Written on: 30/04/2006 by m1bjr (1 review written)

Good Points
Service was timely, but two staff waiting our table consecutively was a little worrying. Suggests no organisation or lack of trust between the staff.

Bad Points
The quality and presentation of the food.
The attitude of the owner/manager following criticism of his standards.

General Comments
I have watched the Bathpool Inn try to re-invent itself over recent years, but the 'early bird' and 'bikers night' type hoardings always deterred me. However, my appetite got the better of me after a particularly heavy bout of retail therapy in nearby Taunton.



Initial impression was of a nice looking, but fairly common-place, reproduction country kitchen. Although only apparently waiting about a third of available covers, it was suggested we should book as they were very busy. However, a table was found, drinks order taken and delivered promptly. The menu would hardly stretch most competent chefs, but with a small menu I find the dishes are often practiced to a much higher standard, so it is hardly a negative point.

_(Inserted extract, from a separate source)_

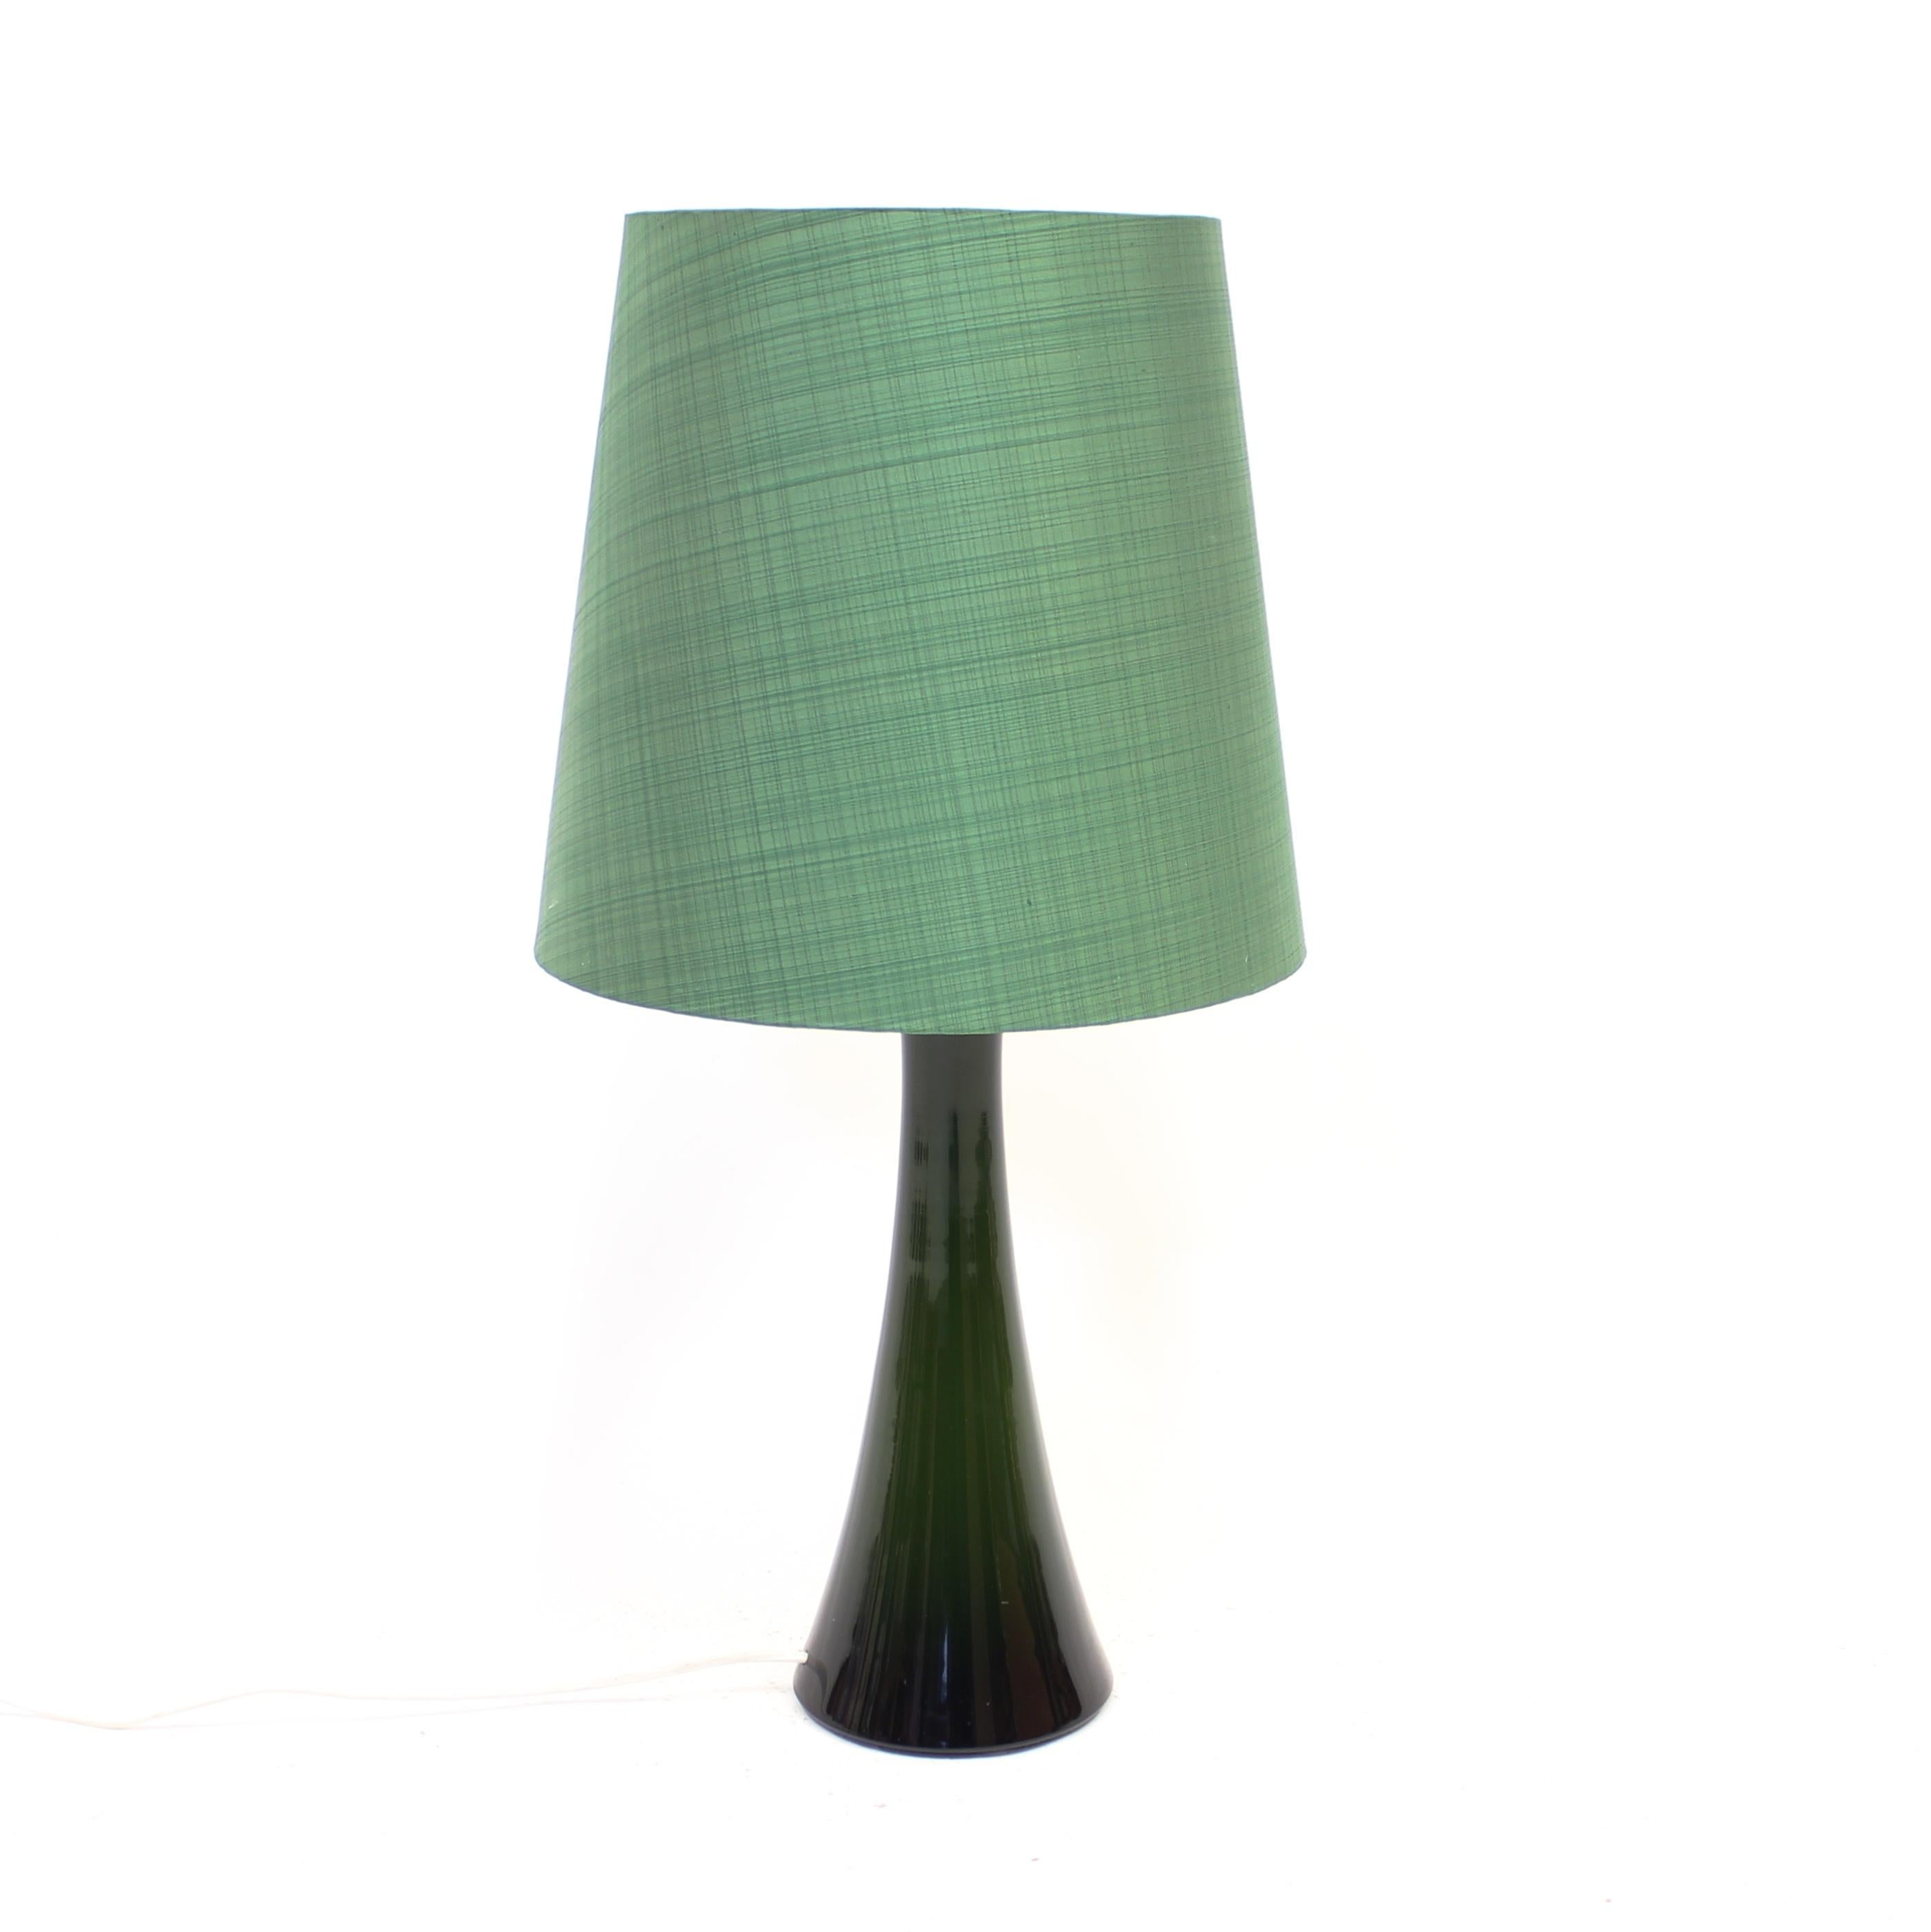 Green glass table lamp with a teak top and green shade by Swedish manufacturer Bergboms. Made in the 1960s. Marked with sticker from manufacturer on the bottom. Very good vintage condition with light ware consistent with age and use.

Food arrived within a reasonable time, but was very obviously not prepared correctly. Bowls of Penne pasta were so overcooked they ovalled and went flat within minutes. The promised garlic Ciabatta consisted of four very small slices between two, and required wringing out before being edible. The 'crisp salad' was most definitely a breach of the trade descriptions act. Aside the fact I felt we should have been served a bowl each. Browning lettuce was thinly disguised under a large ladle of dressing, which may have been honey-mustard but remains unconfirmed. I did notice about 1/8" of dressing in the base of the small oval salad dish at about the halfway point. Interesting presentation, but with no choice of what and how much.



Oddly the pasta sauce was advertised as Mushroom and Stilton, although the Stilton was most noticeable by its absence from the dish.



We managed about half of the dish each, and suggested to our waitress (one of two, remember) that all was not as it should be.



Now, I'm not entirely sure who the large red-faced old chap was who approached us, but it's fair to assume he was the owner. Without even letting us finish our criticisms of his chefs ability, he waved his hands in the air, said loudly "You can have it all for nothing" and strutted off. No doubt to pour another richly deserved glass of cider.



So, an interesting dining experience this one, and I have had many. Working one time as a chef does not ordinarily imply I am hyper-critical of others talents, but when I cross paths with such behaviour from a businessman it always makes me sad. For there is only one way a business run in this manner can go.